'She's perfect,' doctor says of face transplant patient
The Associated Press
Published Wednesday, December 12, 2007 7:37PM EST
Two years after French doctors stunned the world with the first partial face transplant, other doctors remain cautious about pursuing the surgery.
The French patient, Isabelle Dinoire, has a new face that resembles and moves like the one she was born with. Her doctors celebrate how far she's come in an article this week in the New England Journal of Medicine.
"She's perfect,'' said Dr. Jean-Michel Dubernard, the lead surgeon on the operation, in an interview.
Her recovery has been remarkable but difficult. Dinoire's post-transplant life has been full of complications, including kidney failure and two episodes in which her body's immune system tried to reject the new skin.
At the two U.S. hospitals planning face transplants, doctors say it's hard to judge how well some treatments used by the French would work on other patients. They also questioned whether Dinoire can be depended upon to keep taking immune-suppressing drugs the rest of her life.
Failure to do so could lead to the face sloughing away. "It could lead to a disaster,'' said Dr. Bohdan Pomahac, a plastic surgeon at Brigham and Women's Hospital in Boston.
Dinoire had the transplant in November 2005, in an operation performed in Amiens, France. She was horribly disfigured six months earlier, when her pet Labrador chewed her face while she was passed out from an overdose of sleeping pills.
She lost the end of her nose, lips, chin and parts of her cheeks. "She was unable to speak, unable to eat. She was fed by a gastric tube,'' Dubernard said.
The donor was a brain-dead, 46-year-old woman. Doctors took not only her face but also bone marrow cells, which they injected into Dinoire shortly after the operation.
Skin transplants are highly susceptible to rejection, and it was clear Dinoire would need powerful doses of anti-rejection drugs. But the physicians hoped the donor bone marrow cells would help Dinoire's immune system accept the transplant.
Dinoire still suffered rejection symptoms twice: once a month after her surgery and again in June 2006. After the second episode, doctors started a treatment that exposed her white blood cells to ultraviolet radiation to weaken the immune response.

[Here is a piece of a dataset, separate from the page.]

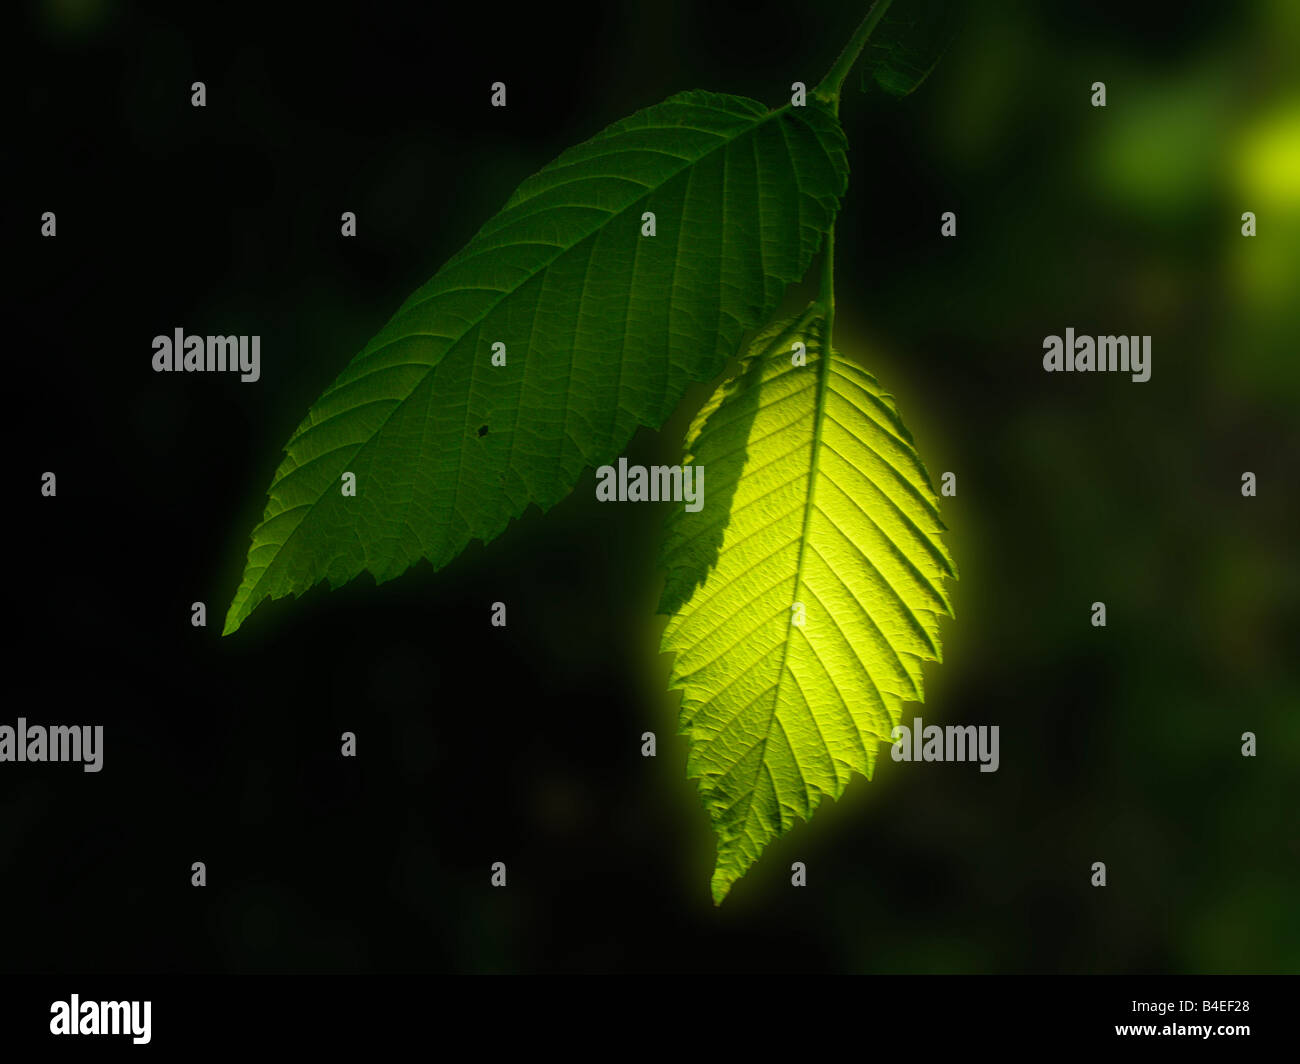 Sunlit leaf against dark background. Stock Photo
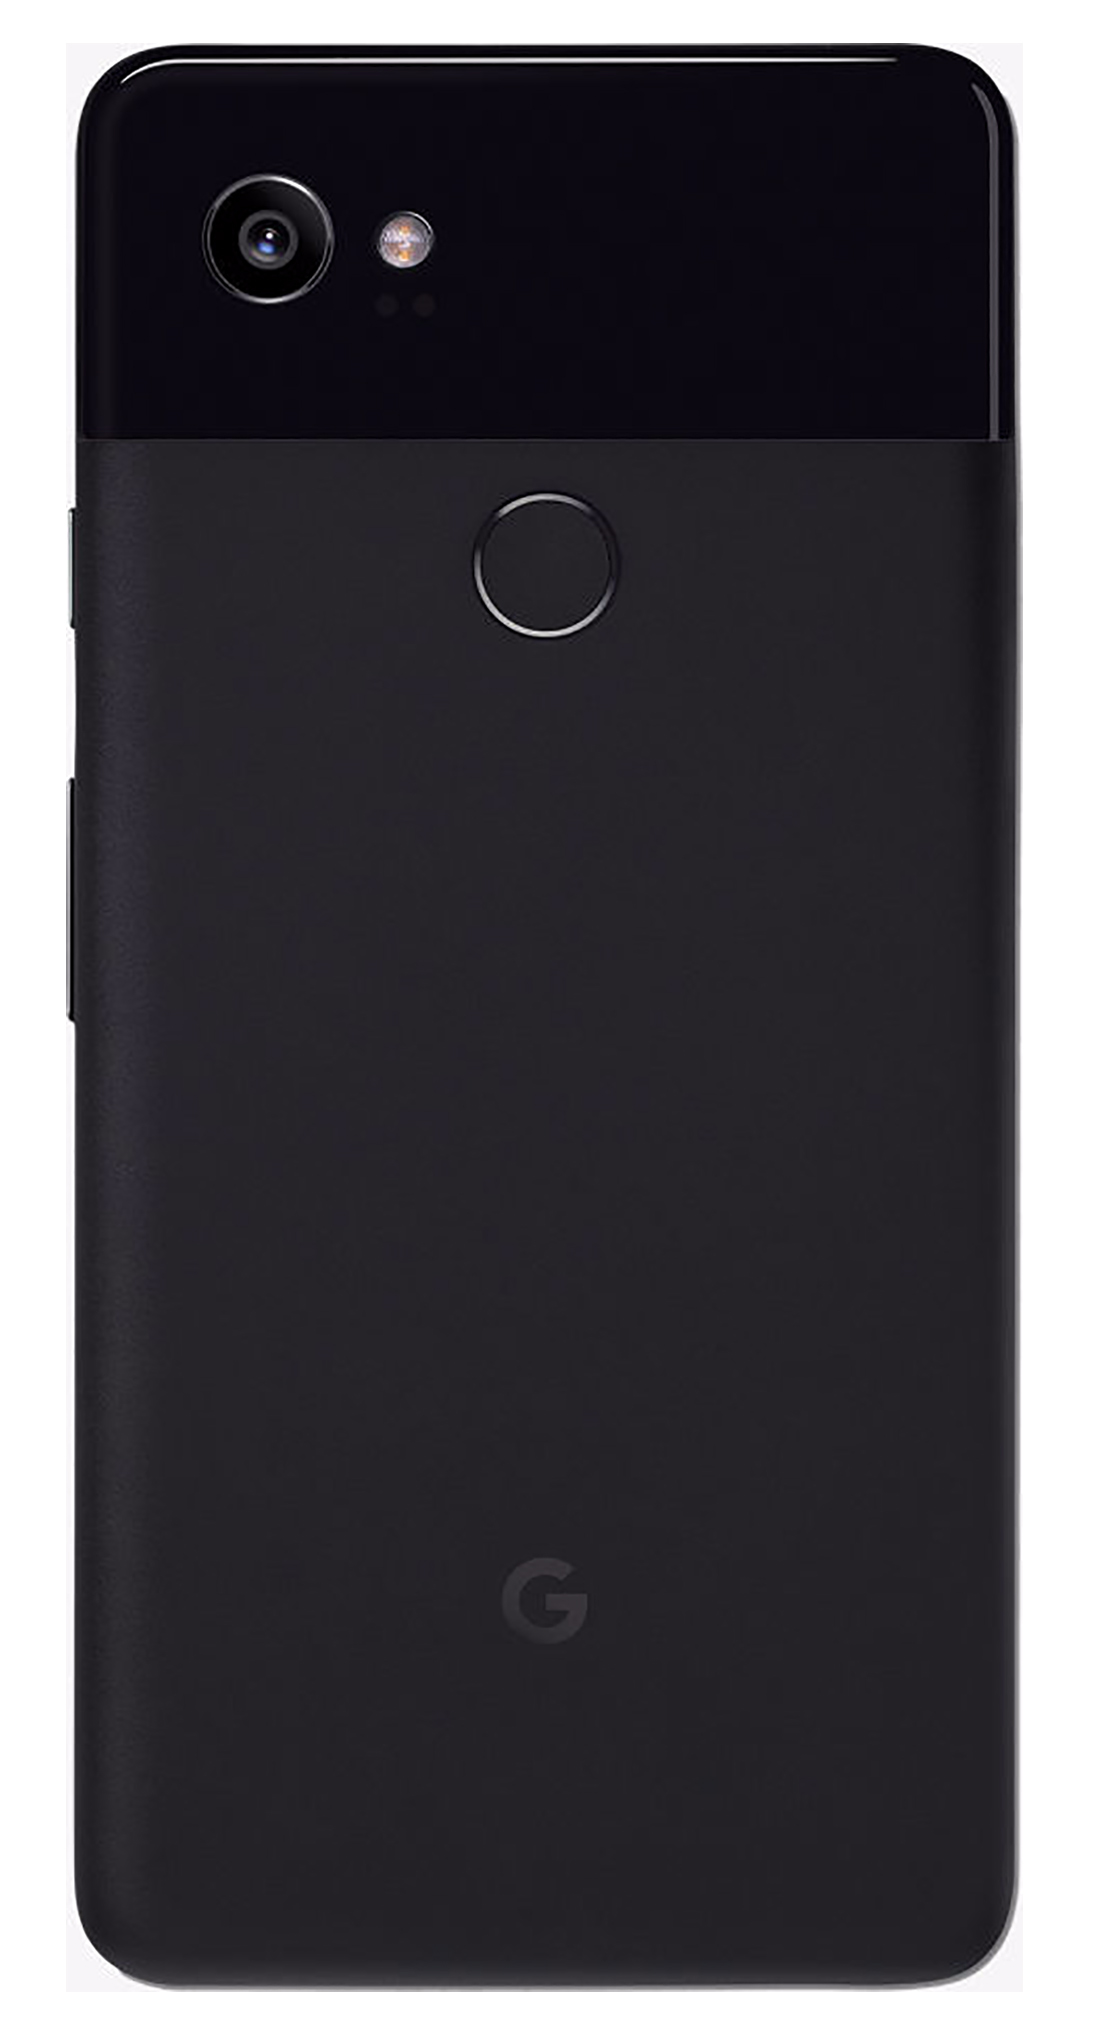 Google Pixel 2 XL 64GB Unlocked GSM/CDMA 4G LTE Octa-Core Phone w/ 12.2MP Camera - Just Black - image 2 of 4

Meanwhile, her kidney function deteriorated, until one of the immune-suppressing drugs was replaced in the fall of 2006 and she improved.
She's also had a couple of small infections, including a cold sore on her new lip and tiny white pox across her cheeks.
Since Dinoire, two other partial face transplants have been reported.
Last year, a Chinese farmer received one after he was disfigured in a bear attack. In January, French doctors performed one on a man disfigured by a genetic condition. Dubernard said he was not involved in those operations.
Brigham and Women's Hospital is one of the U.S. hospitals gearing up to do face transplants. In May, doctors there won approval from the institutional review board, the hospital's gatekeeper for research projects. The program is working with an organ bank and expects to enroll patients next year, said Pomahac, who runs the Brigham program.
The Cleveland Clinic won approval from its in-house review board in 2004 and has been developing donor consent procedures and identifying patients who are most physically in need and most mentally capable of dealing with a transplant.
Alluding to reports that Dinoire's overdose was a suicide attempt, Siemionow called her "psychologically questionable as a candidate'' for a face transplant.
Siemionow declined to predict when the first transplant at her own hospital might occur.
Still, U.S. doctors marvel at the reported improvements in Dinoire's ability to eat and drink, feel sensations on her face, and talk and smile.
"This has been a very successful surgical exercise,'' said Dr. W.P. Andrew Lee, chief of plastic surgery at the University of Pittsburgh School of Medicine.